Assigned task:
Below is a listing with pictures in it. Copy it exactly without them.

Recorded information:
—————

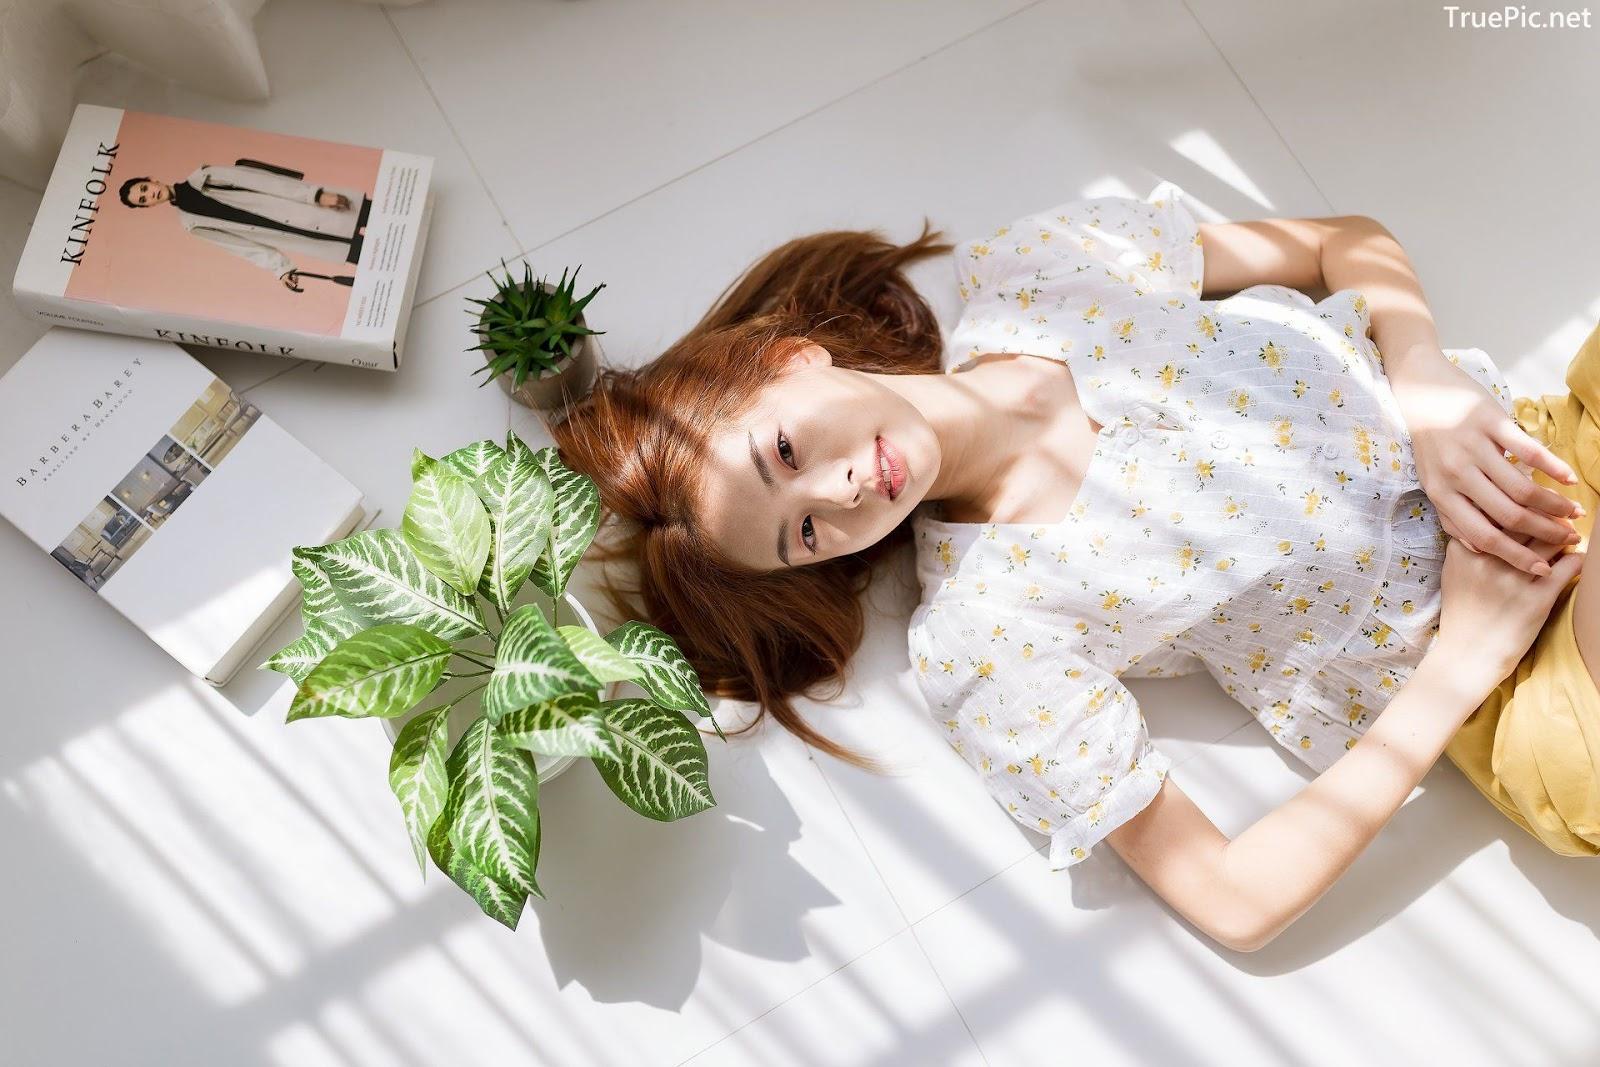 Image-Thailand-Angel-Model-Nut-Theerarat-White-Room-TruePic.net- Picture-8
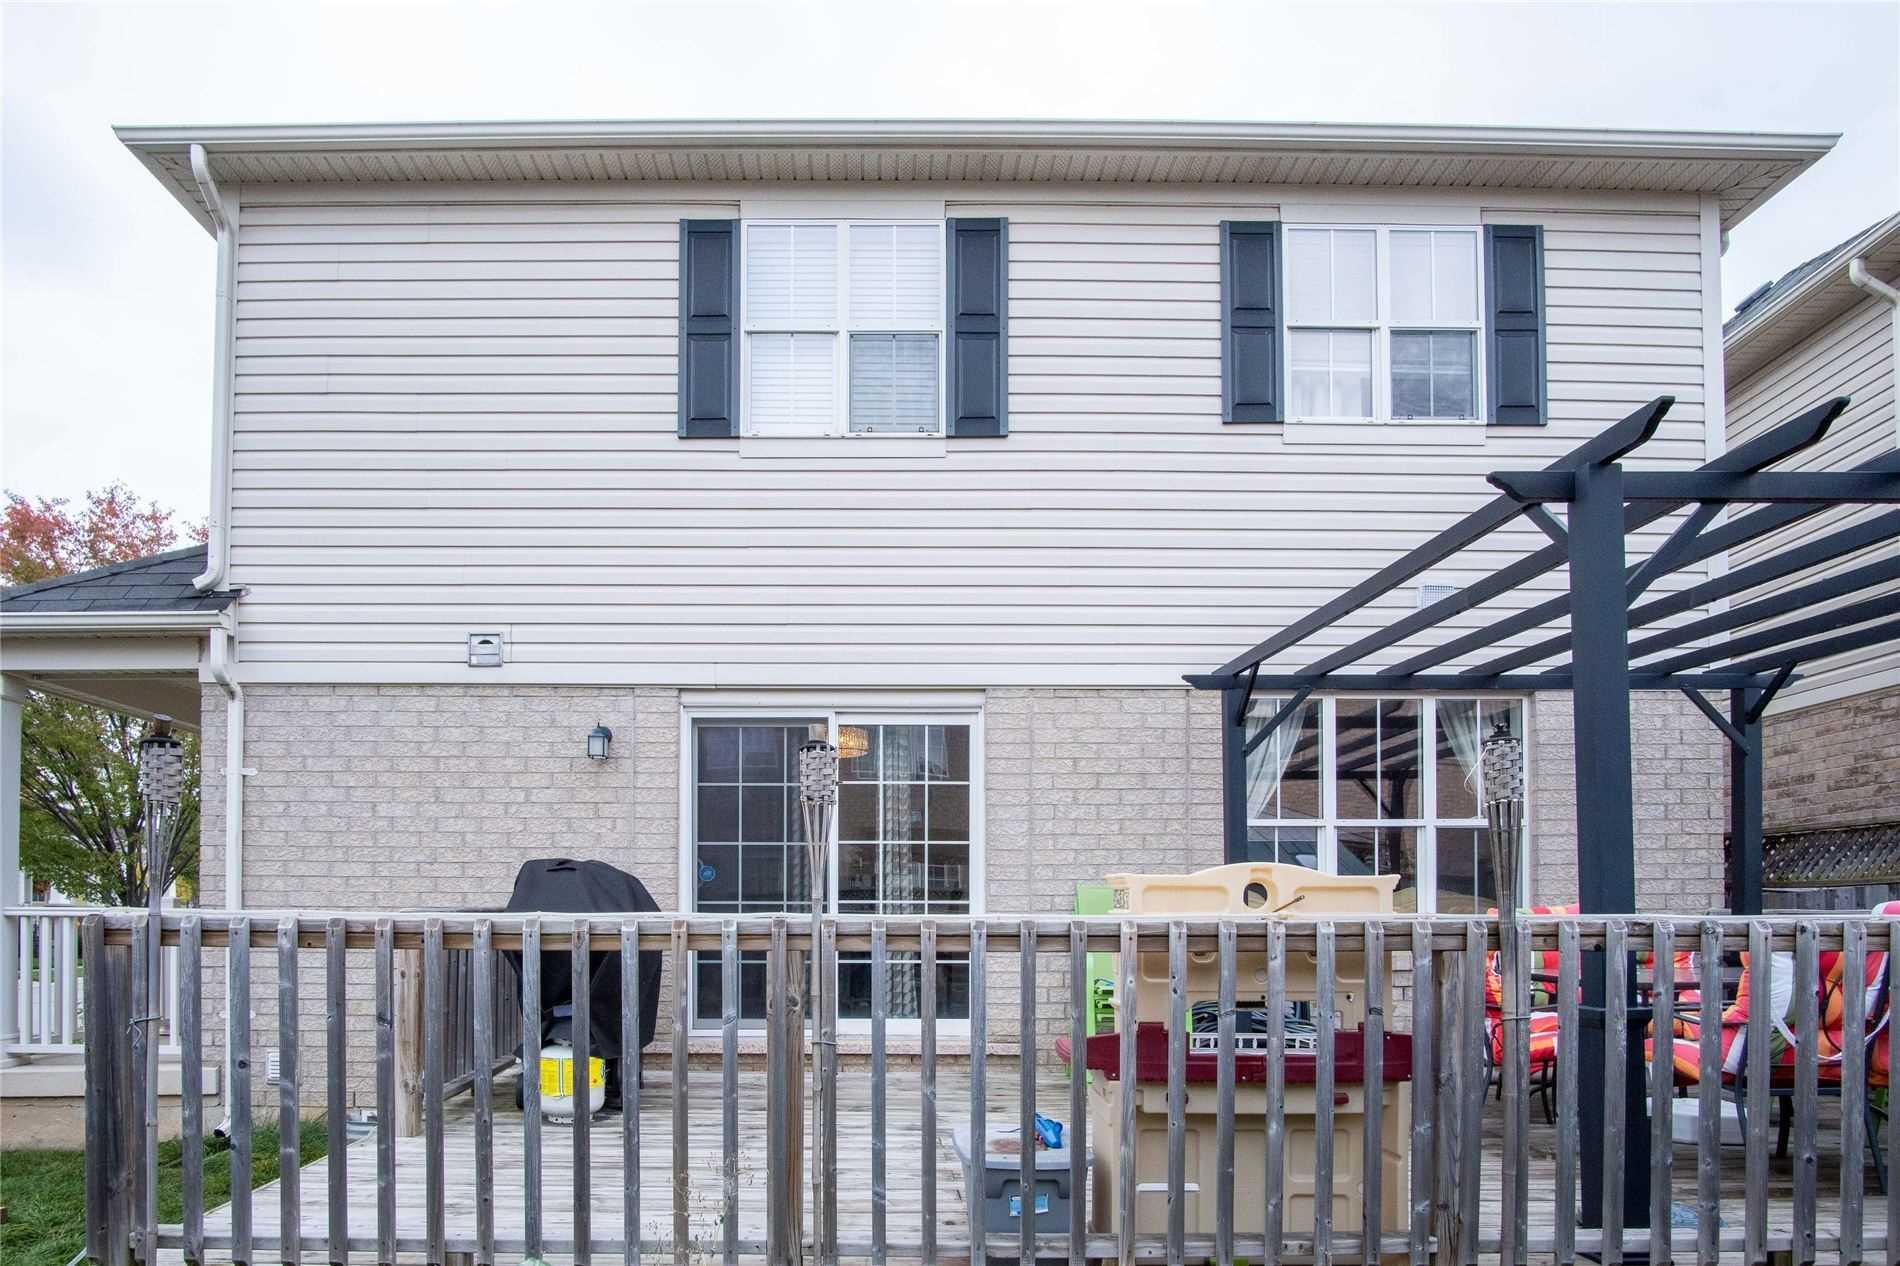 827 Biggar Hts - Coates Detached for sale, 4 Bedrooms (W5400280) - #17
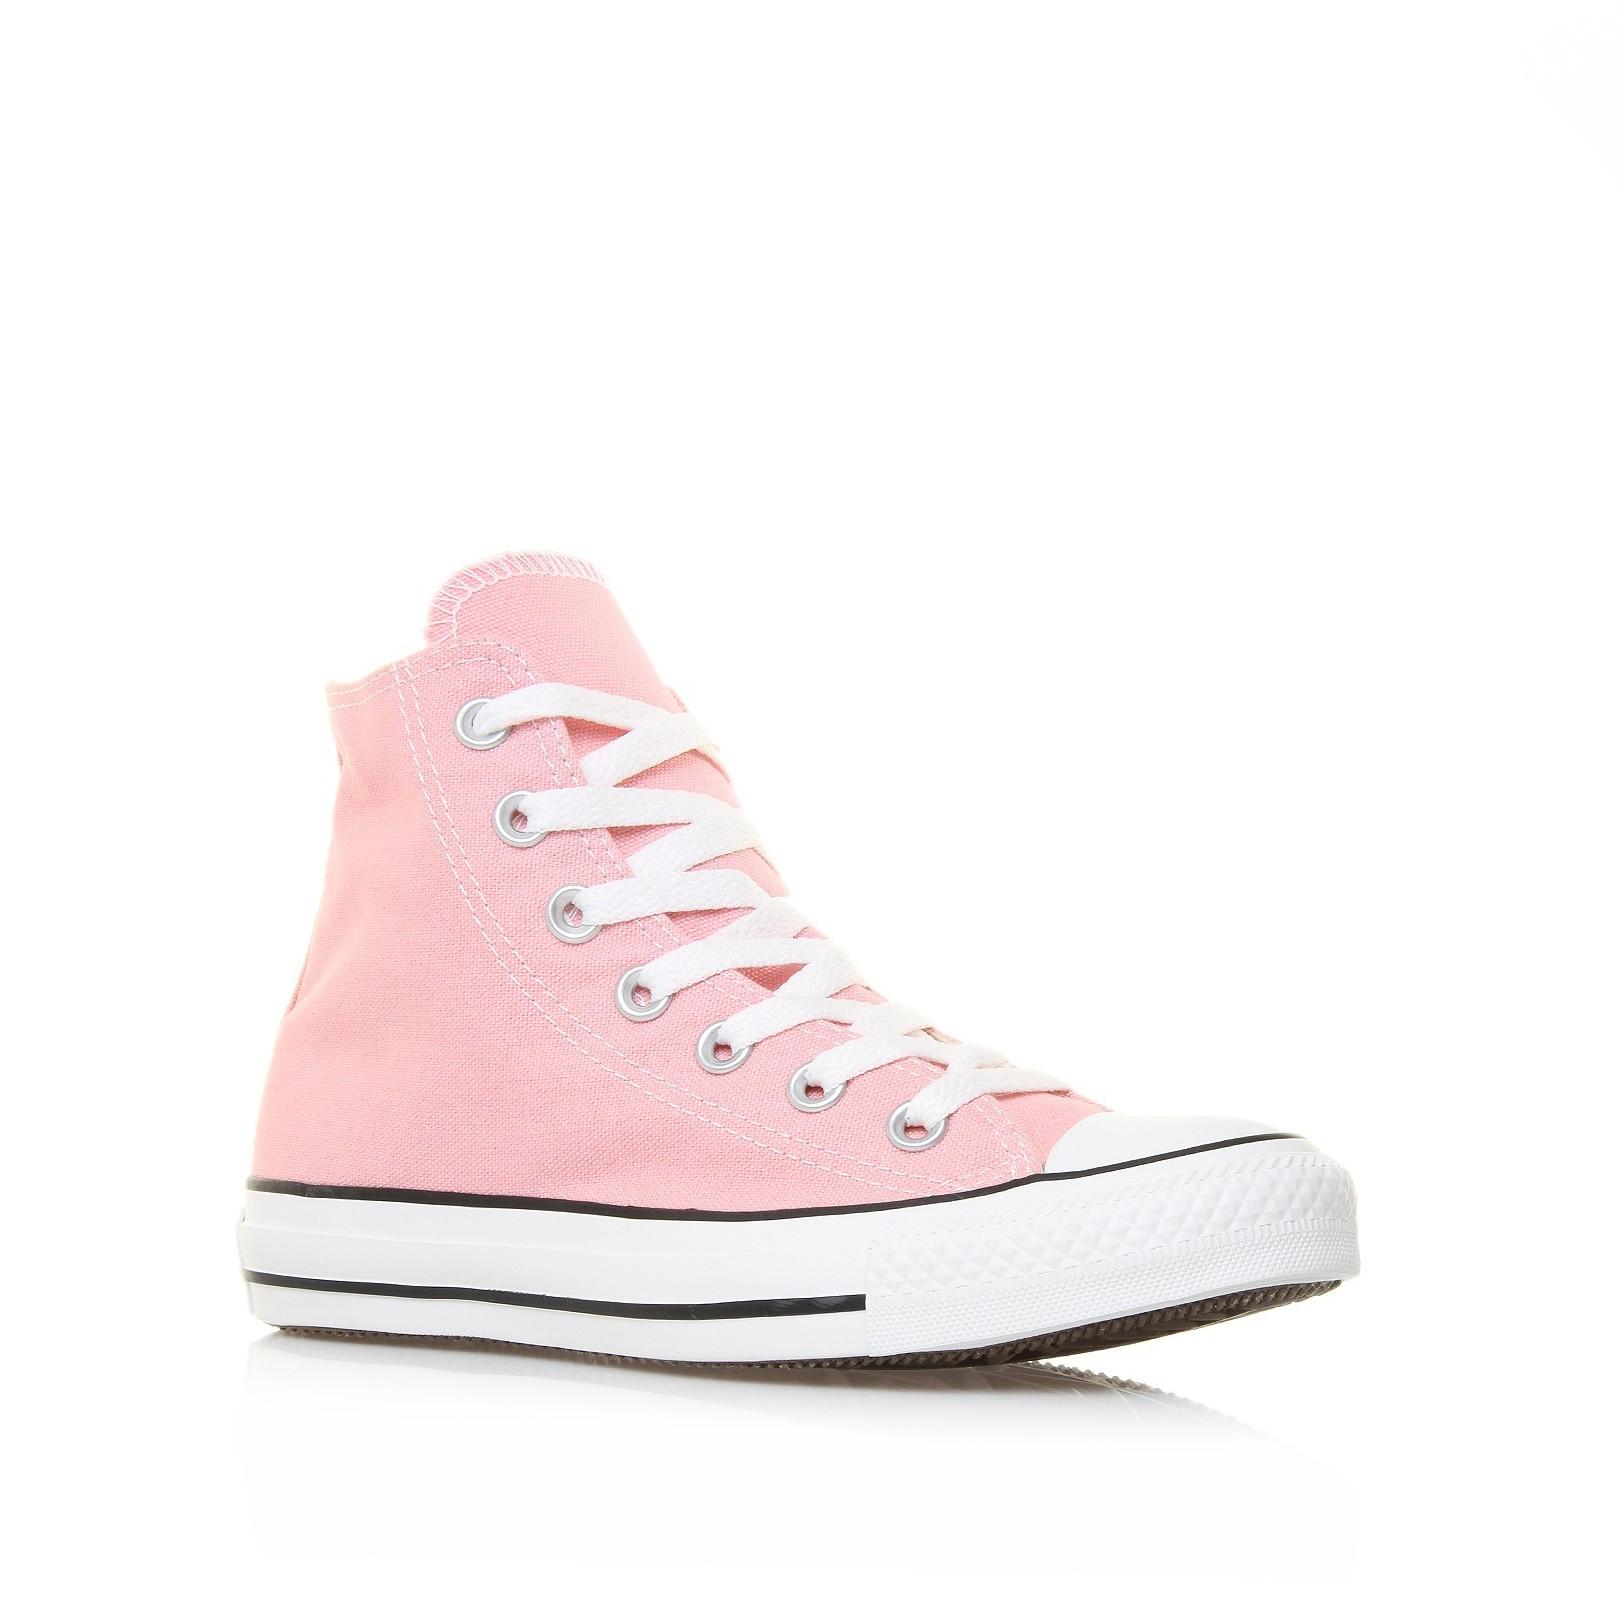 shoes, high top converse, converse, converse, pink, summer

—————

Response area:
 Image-Thailand-Angel-Model-Nut-Theerarat-White-Room-TruePic.net- Picture-8
 827 Biggar Hts - Coates Detached for sale, 4 Bedrooms (W5400280) - #17
 shoes, high top converse, converse, converse, pink, summer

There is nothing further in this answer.